Мистер Мёрфи продолжал молчать, но я прекрасна знала, что он меня слышал и что ему не нужно было заглядывать в глубины своих чувств, чтобы осознать их.
– Что вы там видите?
– Гнев, ярость, скорбь, отчаяние, горечь, боль, мрак. Наверное, что-то ещё завалялось, но это то, что видно невооружённым взглядом.
– Вы пытаетесь шутить, – заметила я, слегка улыбнувшись, – значит, не всё так мрачно, уж поверьте. Вам должно стать легче, если вы разберётесь с каждым чувством по отдельности. Давайте возьмём гнев и ярость. Сильнейшие эмоции, с которыми сложно бороться. Но я считаю, что даже и не стоит. «Поговорите» с этими эмоциями, проживите их. Почему вы испытываете такую злость на мир?
– Вы спрашиваете, почему? – Та самая злость прозвучала в его голосе, будто он швырнул фразу сквозь стиснутые зубы. – Почему я испытываю? Да потому что совсем недавно рядом со мной была моя любимая жена, мы мечтали о большой семье, детях, и какой-то ублюдок всего за секунду это отнял. Потому что я не могу обнять её, поцеловать и сказать, что люблю её так сильно, что не могу без неё жить, ведь по сути я без неё живу. Потому что моё тело усыпано ожогами и шрамами, которые пугают даже меня, что уж говорить о других. Я не могу выйти на улицу, поговорить с людьми, устроиться на работу и завести отношения.

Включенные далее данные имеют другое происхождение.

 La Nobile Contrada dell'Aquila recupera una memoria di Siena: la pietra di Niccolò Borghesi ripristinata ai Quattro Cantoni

Я оборвал все контакты, потому что все, кто продолжали общаться со мной, делали это из жалости. А единственные, в ком я поначалу видел утешение – тесть и тёща – обвинили меня в смерти их дочери и не отвечают на звонки.
Итан Мёрфи сорвался почти на крик, но я старалась сохранять спокойствие, чему уже давно научилась за годы практики. Моё лицо ничего не выдавало – страх, неловкость, сожаление схлынули с него, как только я приняла звонок. Я не могла видеть лицо клиента, но он-то читал моё, как книгу. Любая реакция могла вызвать новую бурю в ответ.

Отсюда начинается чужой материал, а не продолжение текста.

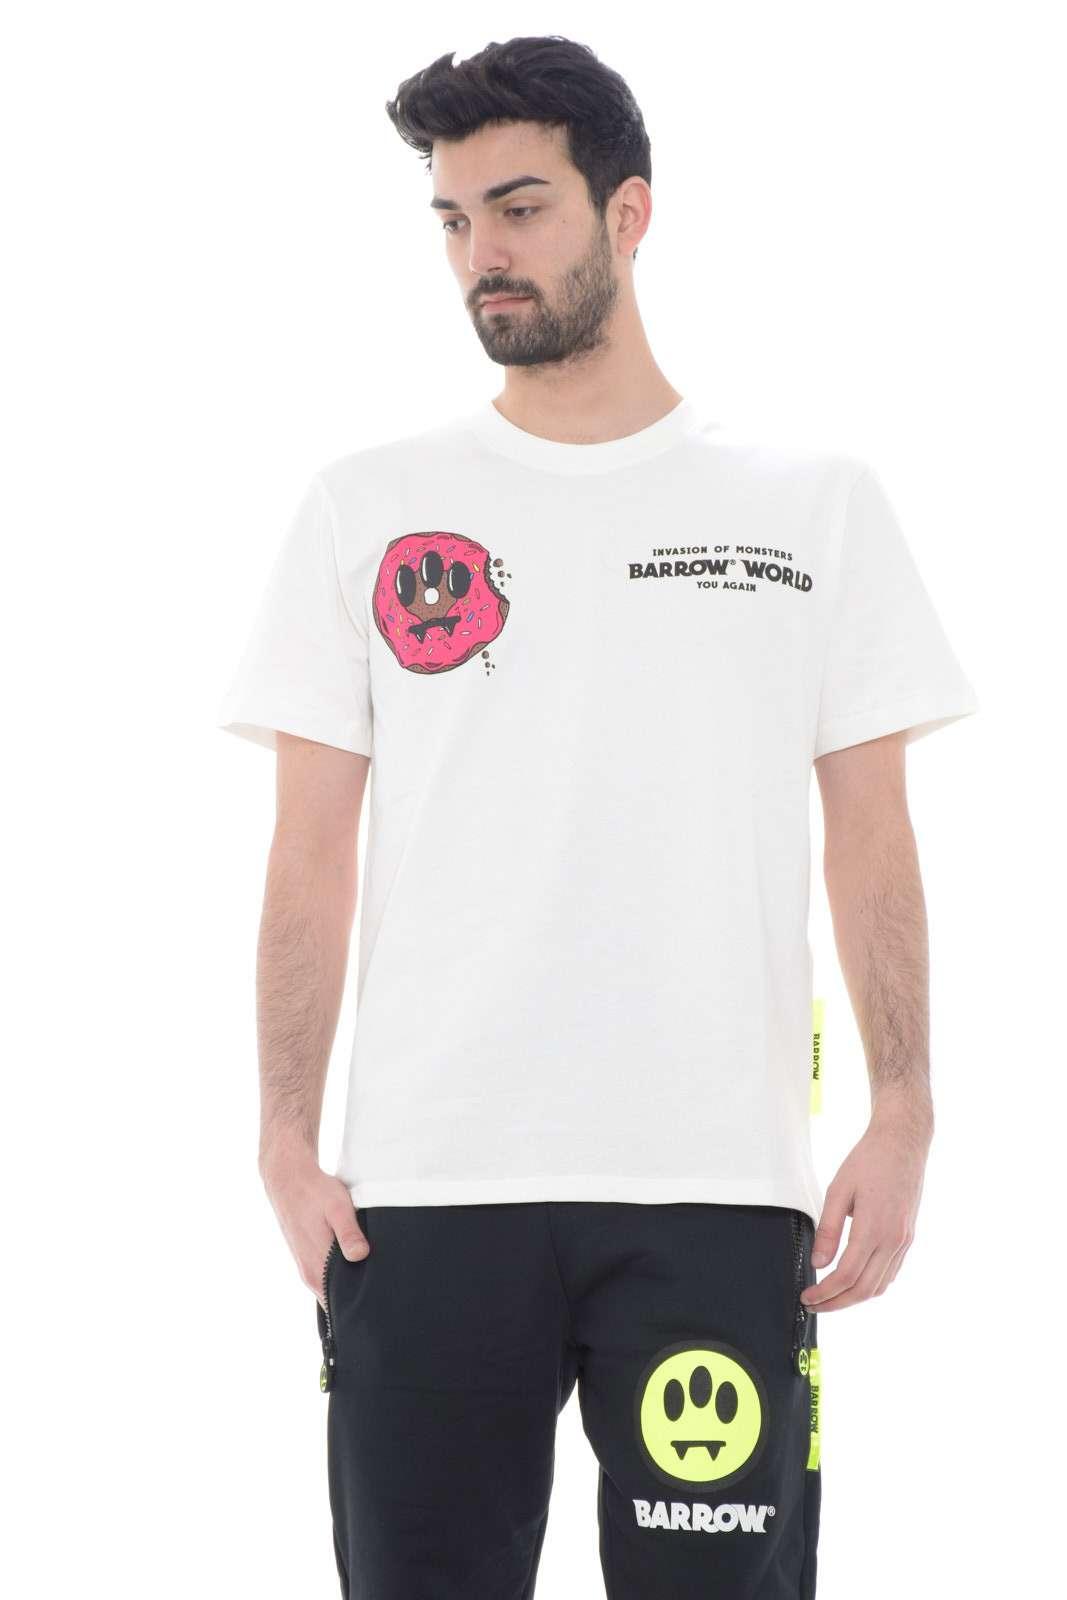 Attuale e divertente la t shirt firmata Barrow, per l'uomo che ama vestire con capi sempre di tendenza. Ideale da indossare com jeans, bermuda o pantaloni felpati, per look casual e iconici, adatti ad ogni eventualità, con un tocco di stile urban che non guasta mai.

– Вы спрашиваете, почему гнев и ярость? Вот поэтому. – Закончил мистер Мёрфи со слезами в горле.
– Это самые адекватные чувства, которые вы можете испытывать. Вы перестали противиться им и подавлять внутреннюю злость, рассказали о них и сделали более реальными, а с настоящим врагом справляться куда как проще, чем с невидимым. А теперь скажите, когда вы позволили им выйти наружу, что чувствуется теперь?

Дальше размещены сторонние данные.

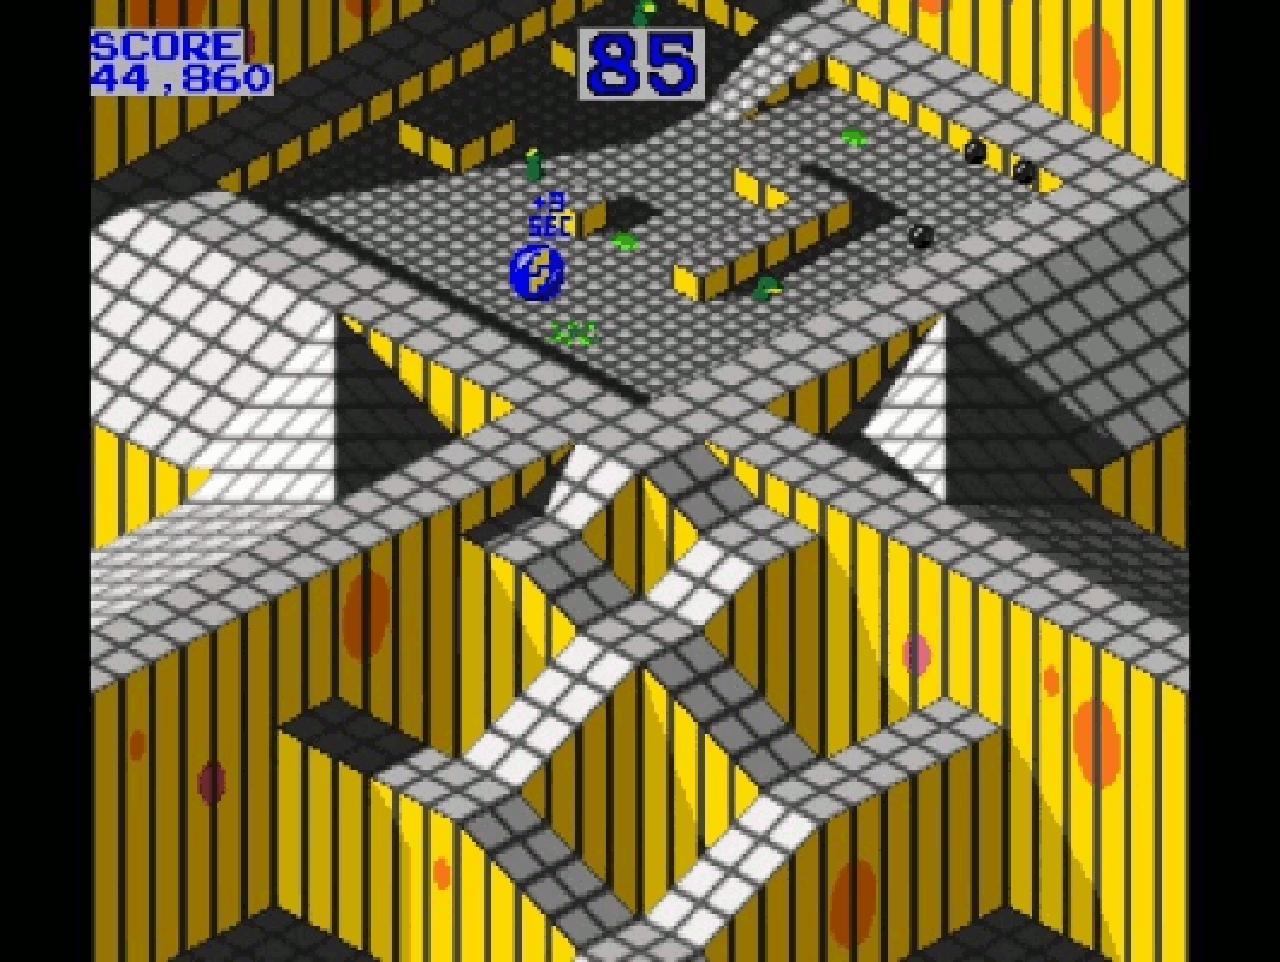 Die Murmel wurde beim Automaten präzise mit dem Trackball gesteuert, beim Amiga dagegen mit der Maus. (Bild: Atari)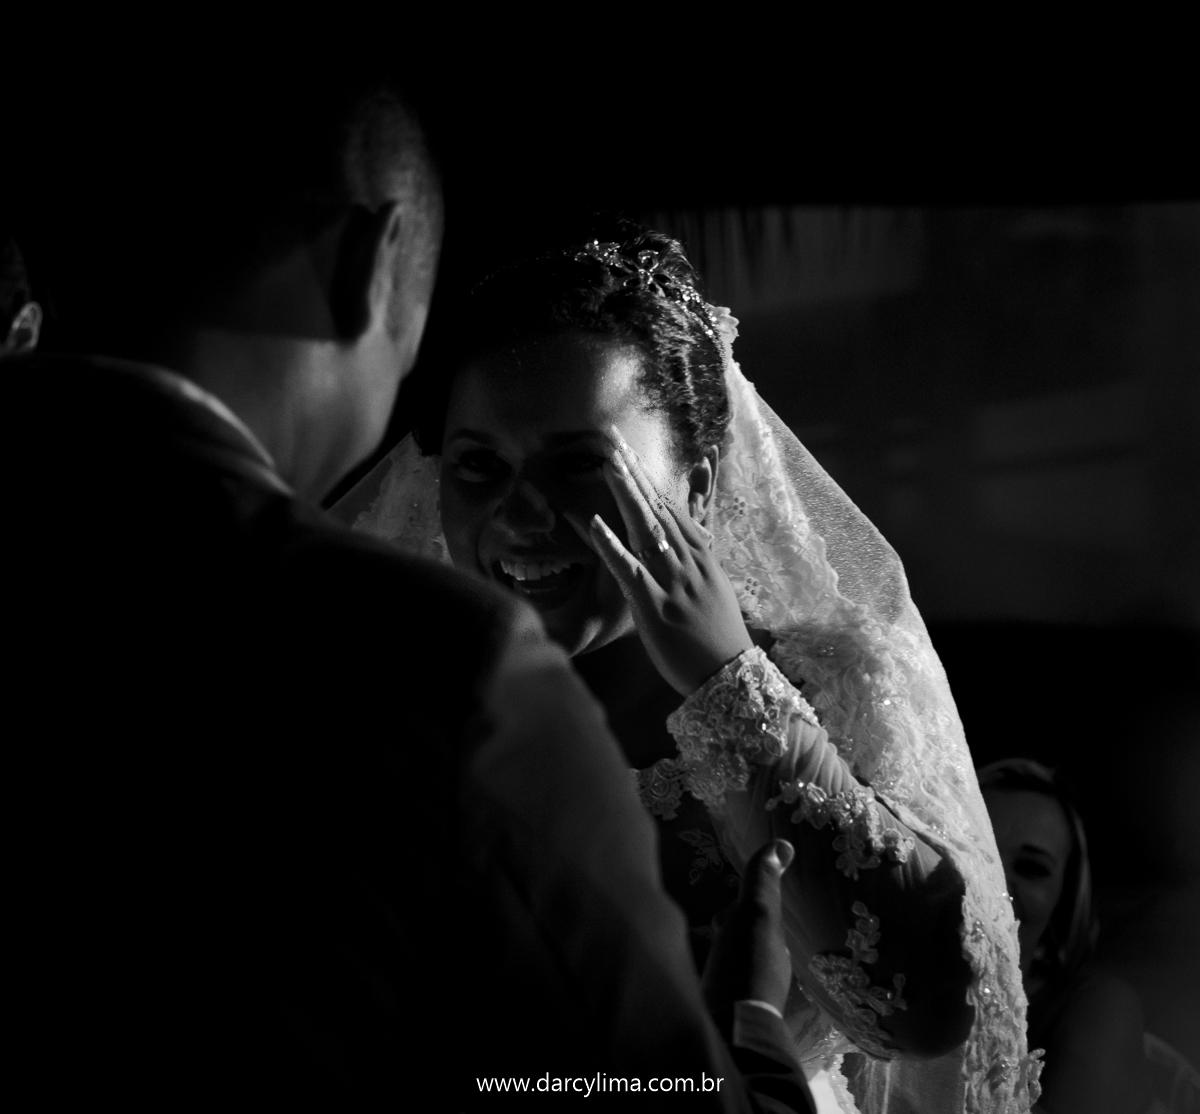 noivos numa fotografia preto e branco olhando um para o outro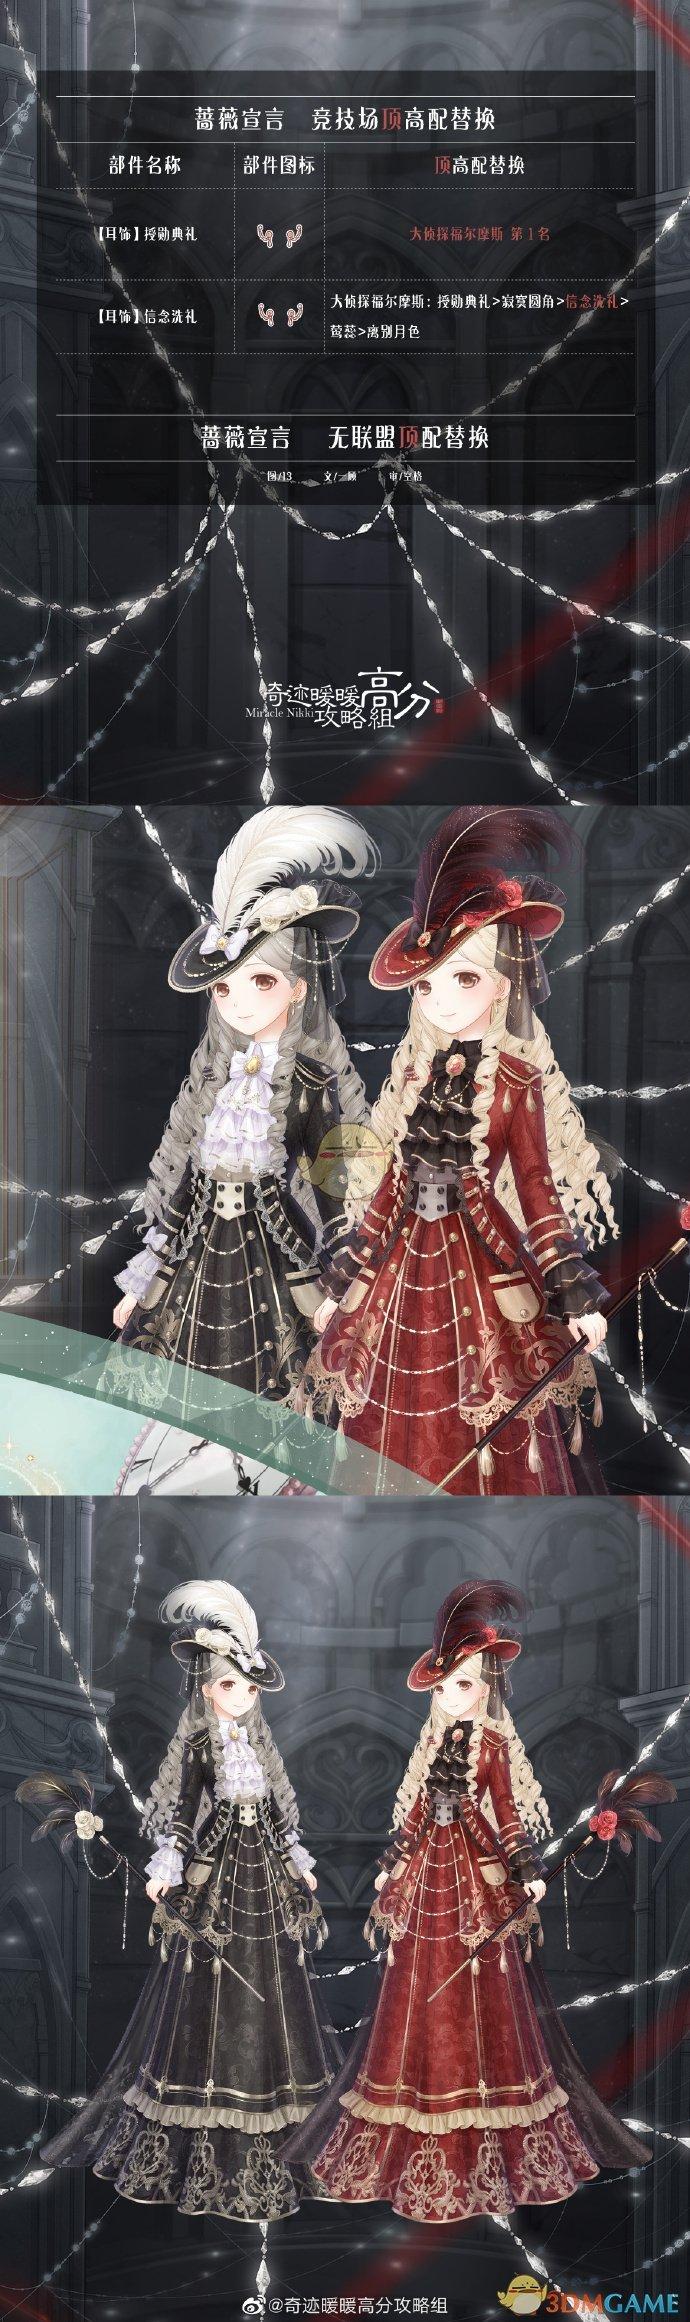 《奇迹暖暖》蔷薇宣言套装高分搭配攻略介绍

Чёрный экран вновь ответил задумчивым молчанием.
– Они как будто притупились. Впервые я чувствую, что имею права на злость и гнев. Что я нормальный.
– Так и должно быть. Давайте разложим вашу злость по полочкам, чтобы выпустить всё плохое, что скопилось внутри. Вспомните, в какую минуту вы испытывали самый сильный гнев?
Мистер Мёрфи даже не стал задумываться.
– О, ну это просто. Впервые, когда очнулся после многочисленных операций и услышал от врачей, что моей жены больше нет. Сперва я не поверил, кричал на докторов, чтобы они не шутили так со мной. Я был в ярости, что они смели насмехаться. Осознав, что приключилось с нами обоими, увидев своё тело в бинтах, капельницу с обезболивающим и почувствовав не только самую сильную в жизни боль, но и пустоту внутри, я понял, что они говорили правду. Да и незачем им было врать, просто я не хотел верить.
– Фаза отрицания, – согласилась я. – Когда наш мозг не соглашается и не может принять новые обстоятельства жизни.
– Именно. Когда до меня наконец стало доходить, что её больше нет, я испытал новую волну гнева, ещё сильнее предыдущей. Я почти не мог двигаться, но умудрился выдернуть катетер и перевернуть капельницу. Я кричал, как сумасшедший, на врачей, на Бога, в никуда, пока медсёстры и лечащий врач не пригвоздили меня к койке и не ввели успокоительное.
Представляя всё то, о чём говорил этот несчастный мужчина, меня передёргивало. Холодок пробирался по позвоночнику, как ящерица по лиане. Я не показывала ничего из того, что испытывала, но мои руки тряслись под столом.